Major problems, no I wouldn't do that. If you are separated & the marriage is done, then it is another story.


----------



## NightEagle1981 (Feb 18, 2011)

Well I'm not living there right now and were not legally separated. People tell me that she is just acting out. She did this before with (Myspace) from what I gather doing something like this is childish acting out.


----------



## surfergirl (Jan 27, 2011)

If you are in the midst of doing a controlled separation, where you live apart but both continue to work on the marriage together - then her doing any of that is not acceptable. 

But if you are just separated, where you or she has left the house and the marriage then I suppose what she does is her business and you have to try deal with that.


----------



## ladyybyrd (Jan 4, 2011)

I have 2 face book accounts. One with my married name and one with my maiden name, but they both state that I am married. I would never delete my husband as a friend or change to single status. And the only reason I do have 2 Facebook accounts is because I am a farm ville addict.


----------



## NightEagle1981 (Feb 18, 2011)

Well it weird that she's adding other mutual friends. To me this is stupid just stupid. But I don't know if it's the "new" her and if she will delete the old one.


----------



## MGirl (Mar 13, 2011)

I have a disturbing amount of friends who regularly change their status between married and single. One day they're listed as married, then they post that they had a fight with their husband and list themselves as single. The next week, they're listed as married again! 

I personally think it's crazy and wouldn't change my married status unless I were officially separated from my spouse(which won't happen anyway ) These women are fickle creatures...


----------



## janesmith (Nov 29, 2010)

NightEagle1981 said:


> So I've been ranting that facebook has put some kinks in our chains and I wanted to ask the ladies there 411 on this. If you were having major problems with your husband would you delete him off your friends list and list your status as single? Would you create a 2nd account in your maiden name and call yourself single? Just curious because my W did this to me and I don't know how to look at it.

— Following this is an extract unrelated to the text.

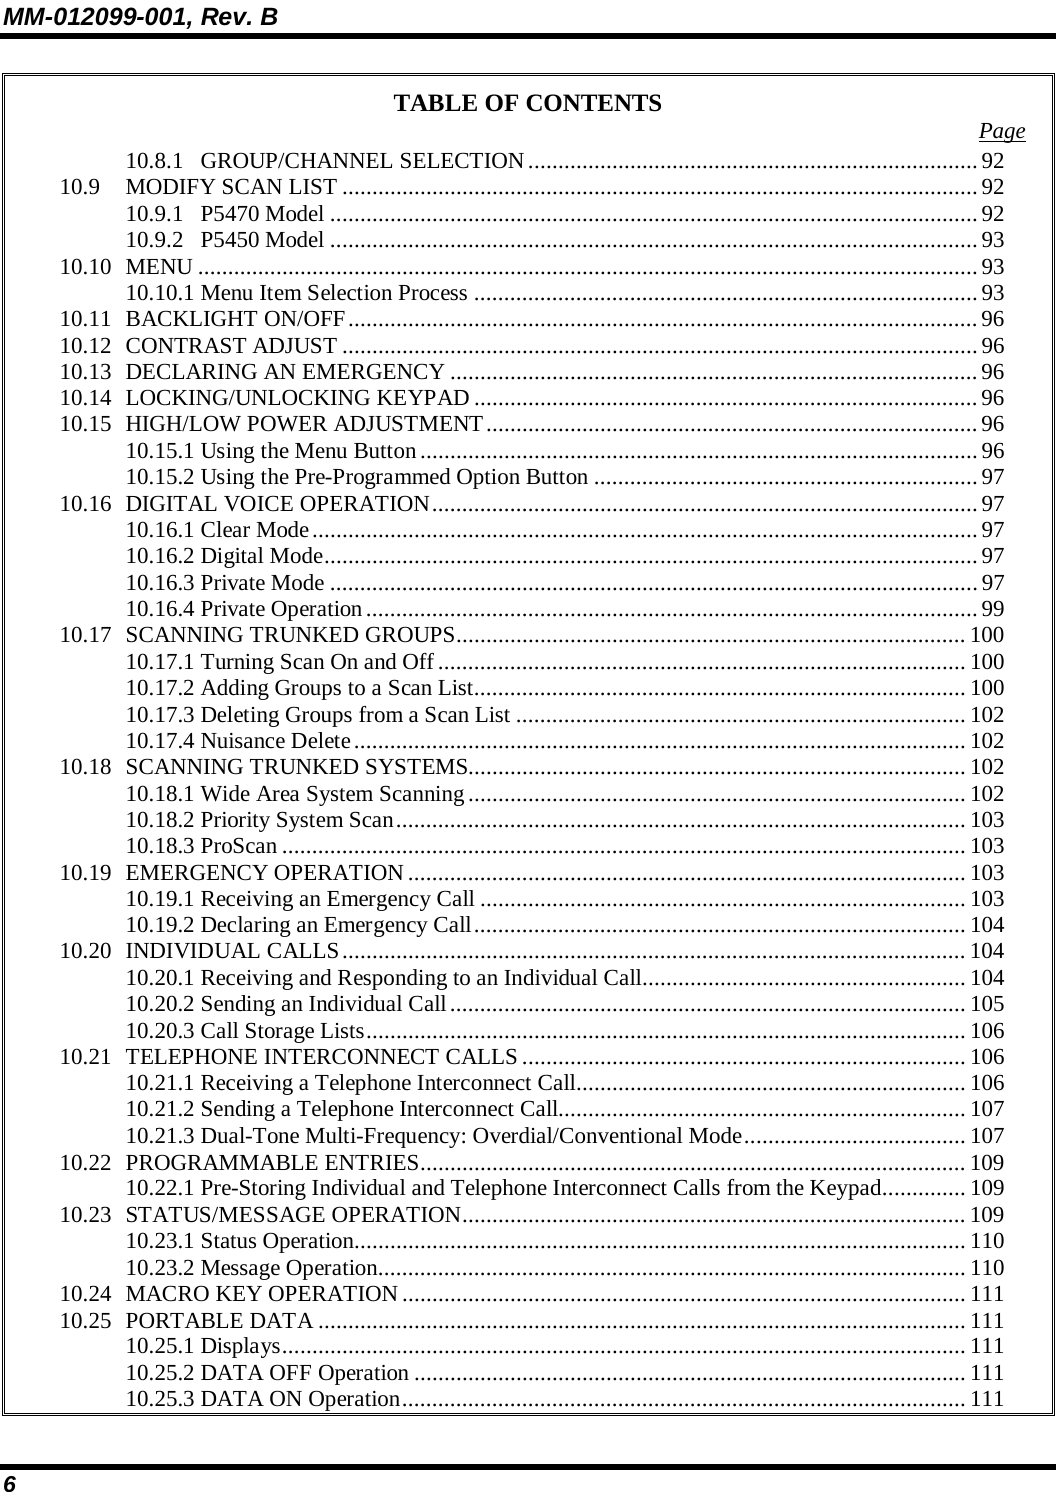 MM-012099-001, Rev. B 6 TABLE OF CONTENTS  Page 10.8.1 GROUP/CHANNEL SELECTION ...........................................................................92 10.9 MODIFY SCAN LIST ..........................................................................................................92 10.9.1 P5470 Model ............................................................................................................ 92 10.9.2 P5450 Model ............................................................................................................ 93 10.10 MENU ..................................................................................................................................93 10.10.1 Menu Item Selection Process ....................................................................................93 10.11 BACKLIGHT ON/OFF......................................................................................................... 96 10.12 CONTRAST ADJUST .......................................................................................................... 96 10.13 DECLARING AN EMERGENCY ........................................................................................ 96 10.14 LOCKING/UNLOCKING KEYPAD ....................................................................................96 10.15 HIGH/LOW POWER ADJUSTMENT..................................................................................96 10.15.1 Using the Menu Button............................................................................................. 96 10.15.2 Using the Pre-Programmed Option Button ................................................................ 97 10.16 DIGITAL VOICE OPERATION...........................................................................................97 10.16.1 Clear Mode...............................................................................................................97 10.16.2 Digital Mode.............................................................................................................97 10.16.3 Private Mode ............................................................................................................ 97 10.16.4 Private Operation......................................................................................................99 10.17 SCANNING TRUNKED GROUPS..................................................................................... 100 10.17.1 Turning Scan On and Off........................................................................................ 100 10.17.2 Adding Groups to a Scan List.................................................................................. 100 10.17.3 Deleting Groups from a Scan List ........................................................................... 102 10.17.4 Nuisance Delete...................................................................................................... 102 10.18 SCANNING TRUNKED SYSTEMS...................................................................................102 10.18.1 Wide Area System Scanning................................................................................... 102 10.18.2 Priority System Scan...............................................................................................103 10.18.3 ProScan .................................................................................................................. 103 10.19 EMERGENCY OPERATION............................................................................................. 103 10.19.1 Receiving an Emergency Call ................................................................................. 103 10.19.2 Declaring an Emergency Call.................................................................................. 104 10.20 INDIVIDUAL CALLS........................................................................................................ 104 10.20.1 Receiving and Responding to an Individual Call...................................................... 104 10.20.2 Sending an Individual Call...................................................................................... 105 10.20.3 Call Storage Lists.................................................................................................... 106 10.21 TELEPHONE INTERCONNECT CALLS .......................................................................... 106 10.21.1 Receiving a Telephone Interconnect Call................................................................. 106 10.21.2 Sending a Telephone Interconnect Call.................................................................... 107 10.21.3 Dual-Tone Multi-Frequency: Overdial/Conventional Mode..................................... 107 10.22 PROGRAMMABLE ENTRIES........................................................................................... 109 10.22.1 Pre-Storing Individual and Telephone Interconnect Calls from the Keypad.............. 109 10.23 STATUS/MESSAGE OPERATION.................................................................................... 109 10.23.1 Status Operation......................................................................................................110 10.23.2 Message Operation.................................................................................................. 110 10.24 MACRO KEY OPERATION.............................................................................................. 111 10.25 PORTABLE DATA ............................................................................................................111 10.25.1 Displays.................................................................................................................. 111 10.25.2 DATA OFF Operation ............................................................................................ 111 10.25.3 DATA ON Operation.............................................................................................. 111

My first emotional reaction was "omg wouldnt do that, who does that", but Im thinking I dont know what your problems were to drve your wife to such extreme behavior.


----------



## NightEagle1981 (Feb 18, 2011)

For me Facebook is stupid. I've only been on there so much latley is for friend support. It's drama city and trouble. I wish they would have never invented these stupid social networking sites really.


----------



## mesingle?! (Mar 21, 2011)

Crankshaw said:


> If you have FB, and are interested, we have just started (ok, babyheart started it) a FB group called TAMed, contact Babyheart and she can hook you in with us on FB and let you know who is who (coz I am having trouble remembering !)
> 
> Where are you from ? (helps with the huge timezone differences!)




Sure

Im from Buffalo, New York USA


----------